### Goal of the exercise
Copy out the data word for word, without any of its pictures.

### Provided data
□ □ □ □

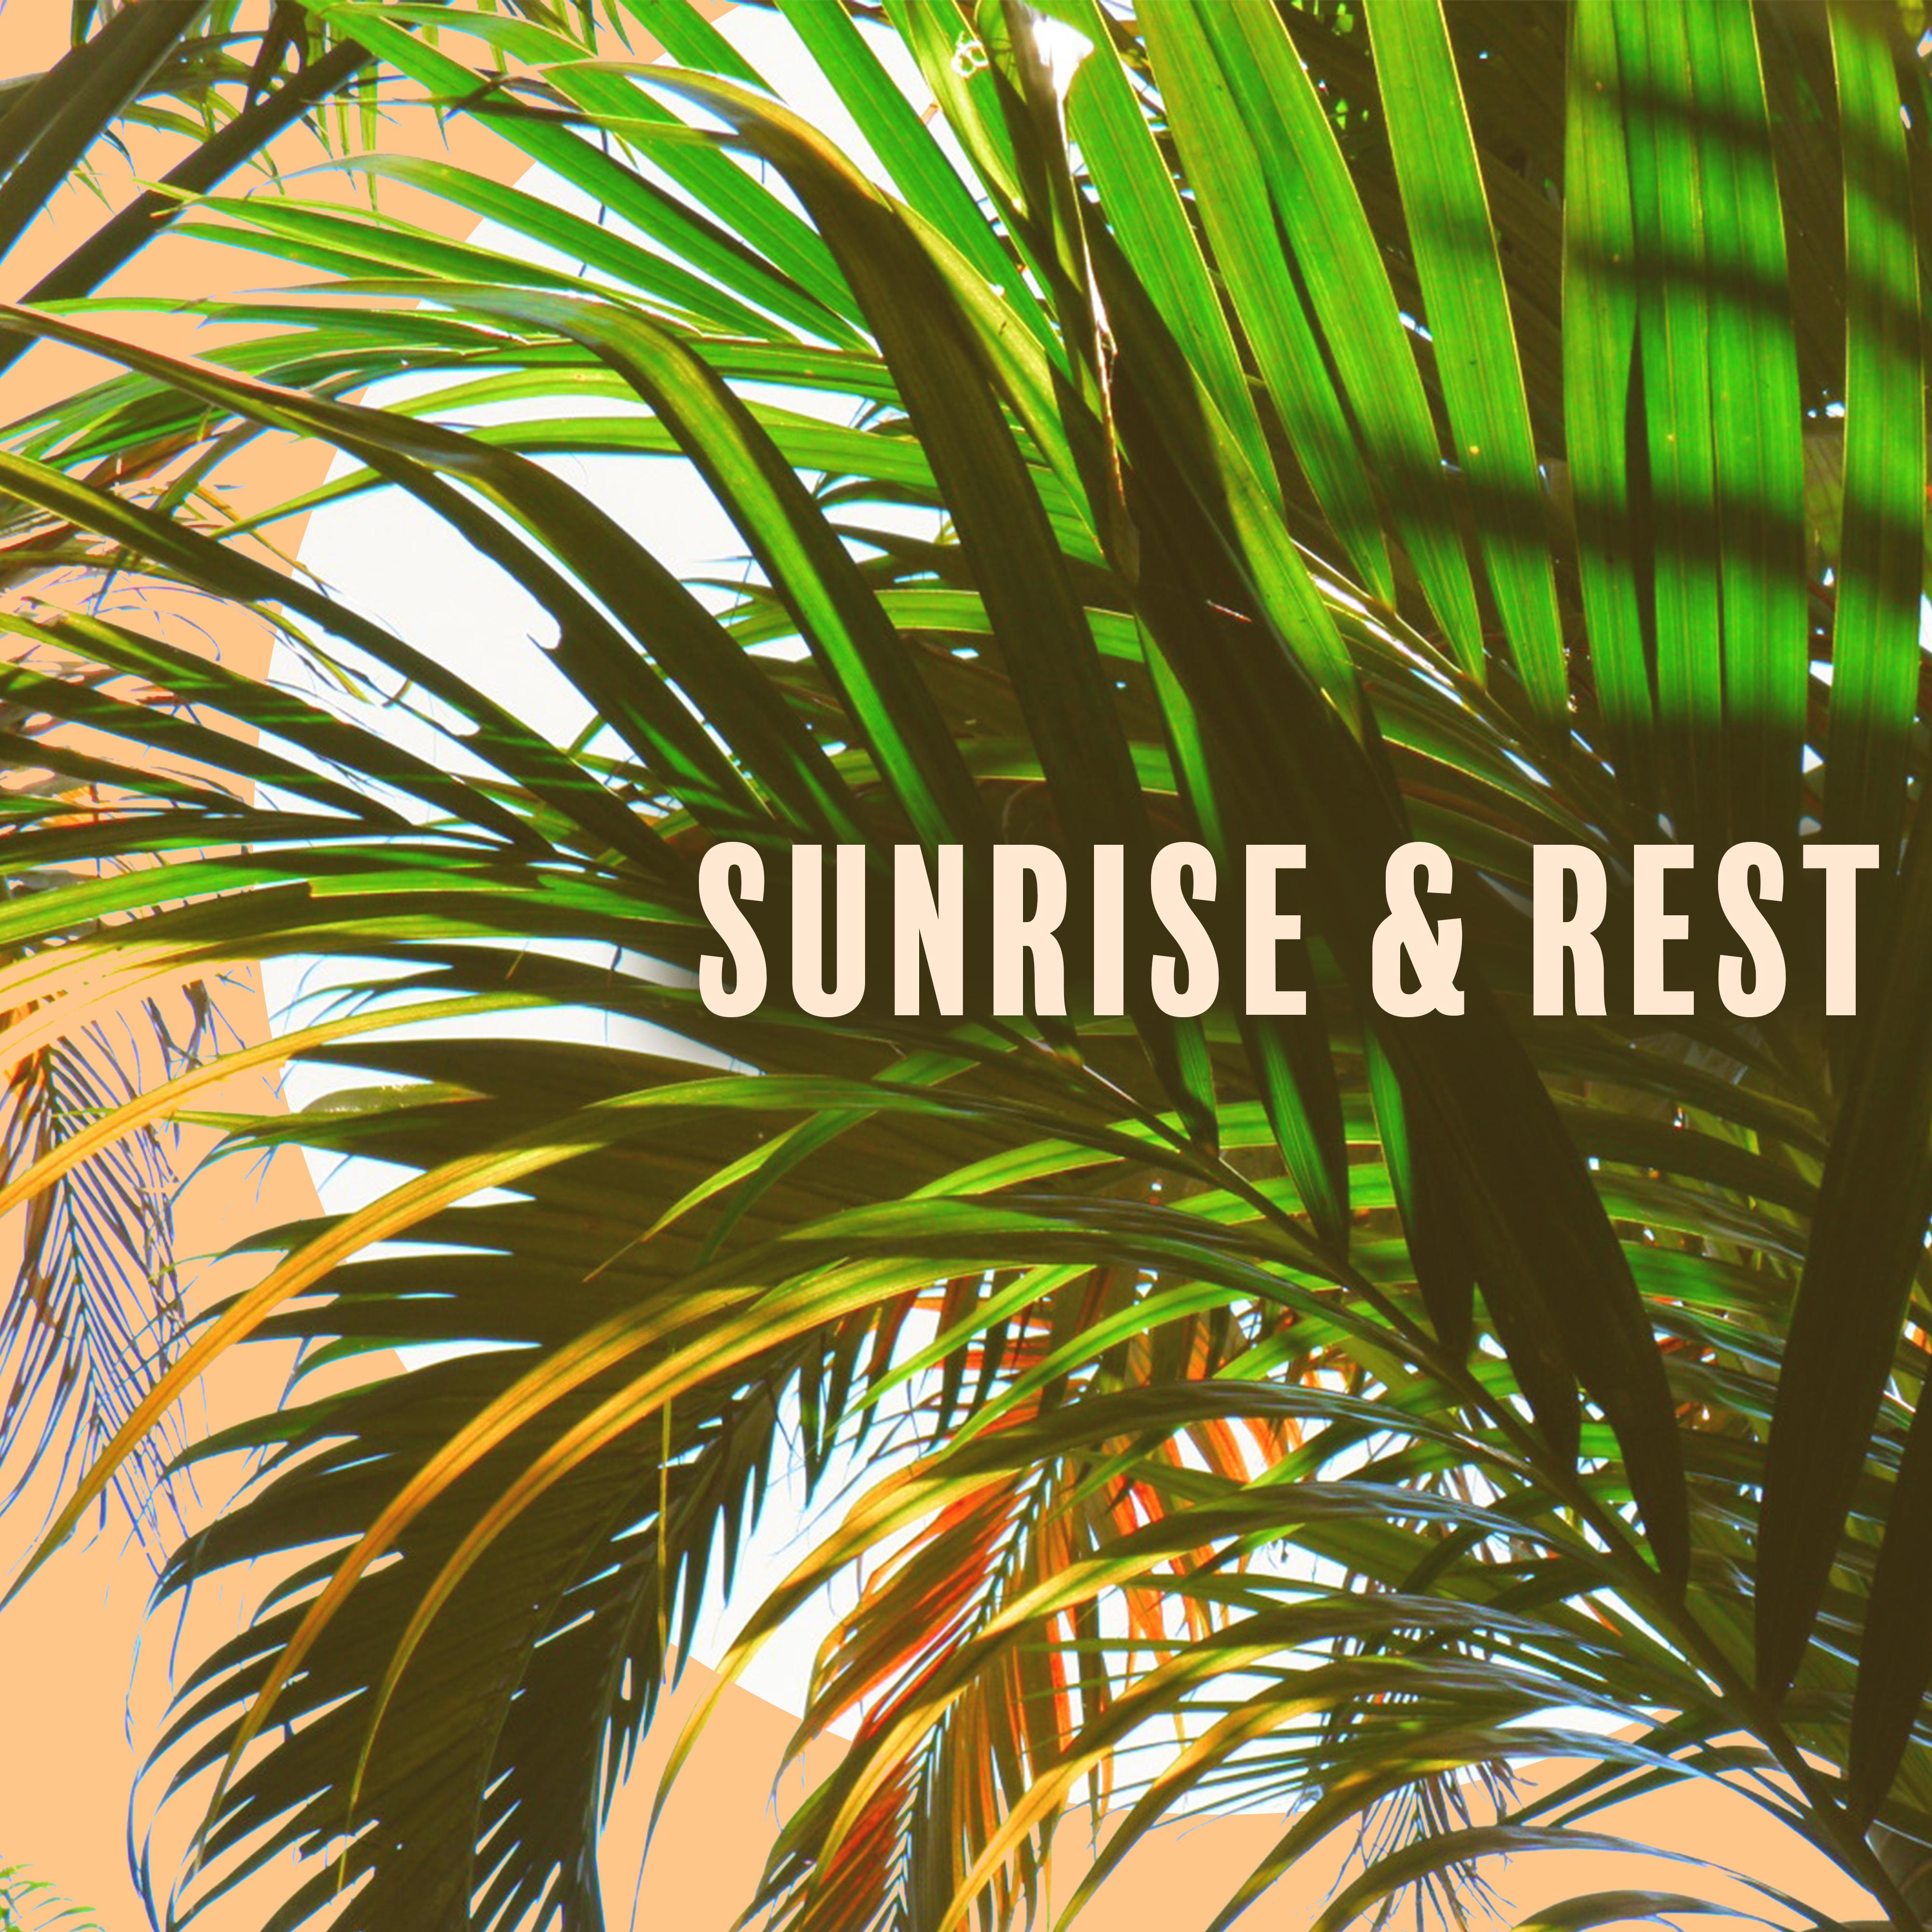 Sunrise  Rest  Chillout Music, Pure Waves, Relaxation Day, Calm Sounds, Total Relaxation
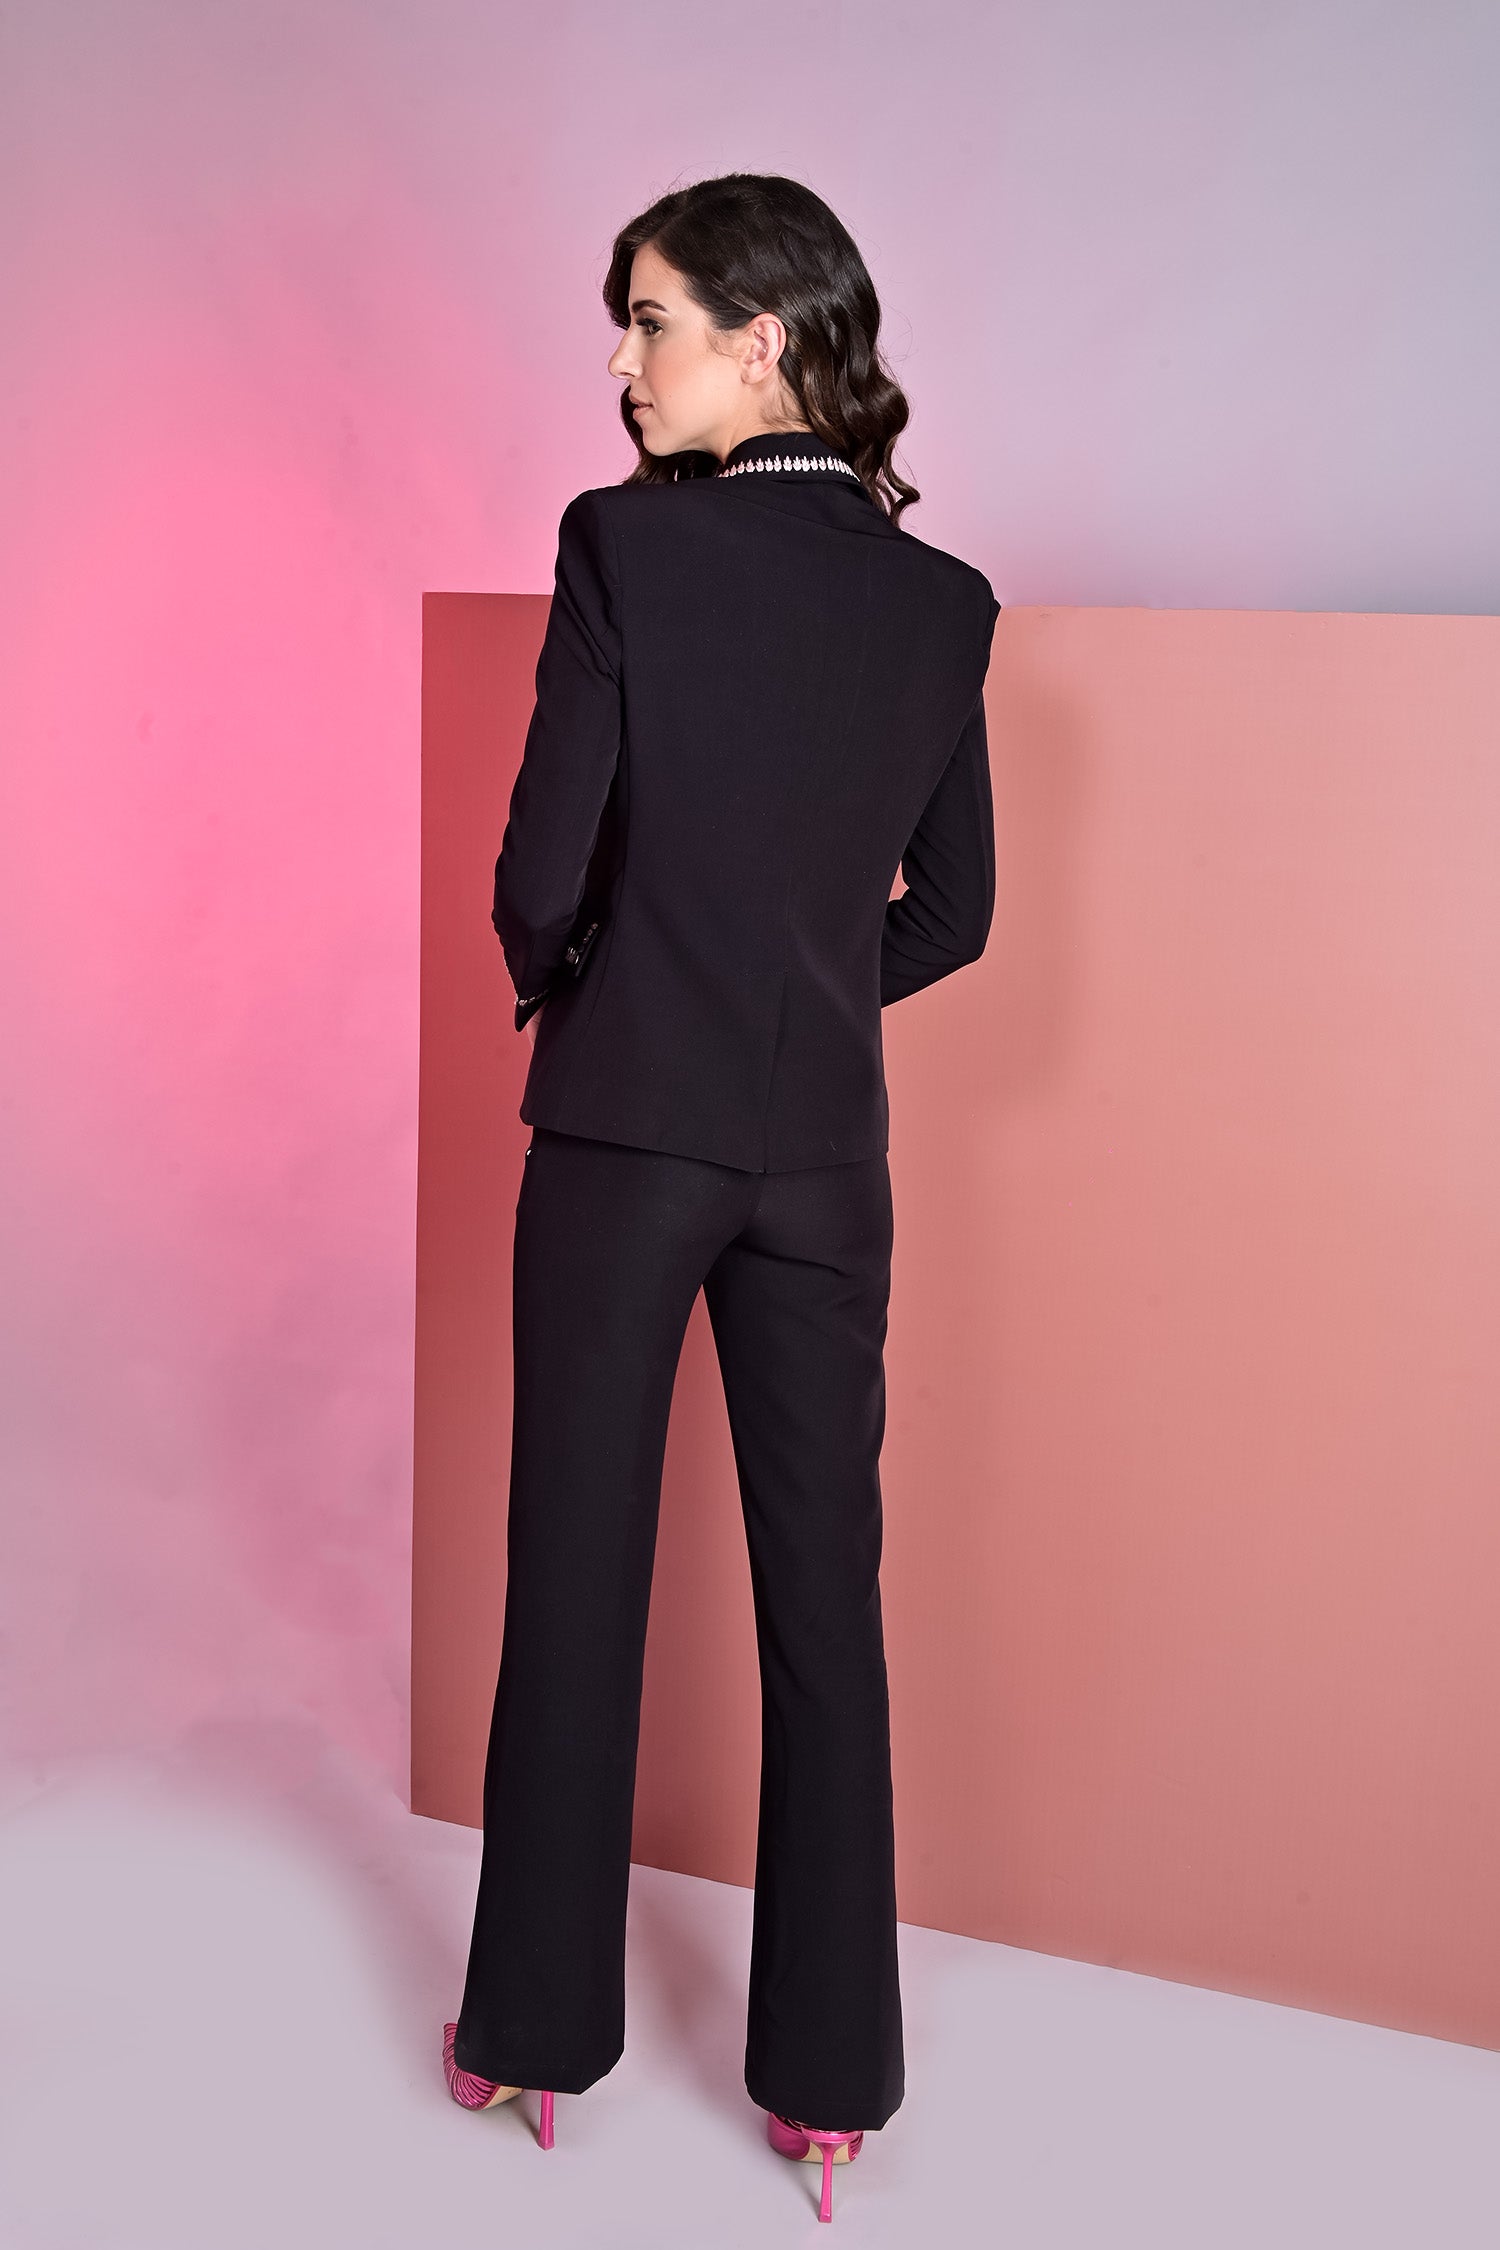 Petal Embroidered Black Blazer With Crop Top and Flared Pants
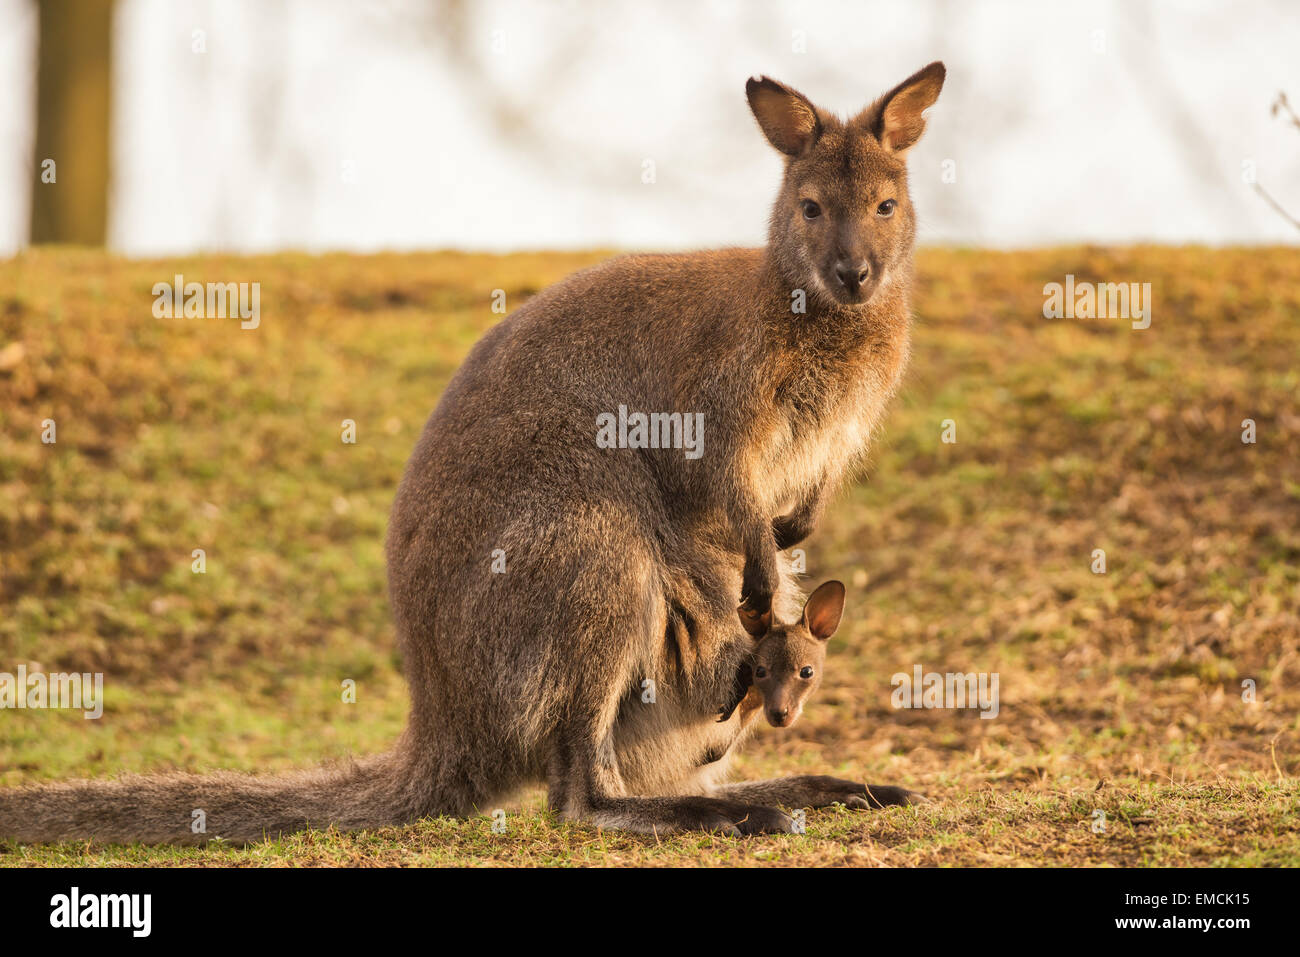 Kangaroo Mother, Common wallaroo (Macropus robustus), with a Baby Joey in the Pouch Stock Photo

□ □ □ □

### Answer to this task
 Sunrise  Rest  Chillout Music, Pure Waves, Relaxation Day, Calm Sounds, Total Relaxation
 Petal Embroidered Black Blazer With Crop Top and Flared Pants
 Kangaroo Mother, Common wallaroo (Macropus robustus), with a Baby Joey in the Pouch Stock Photo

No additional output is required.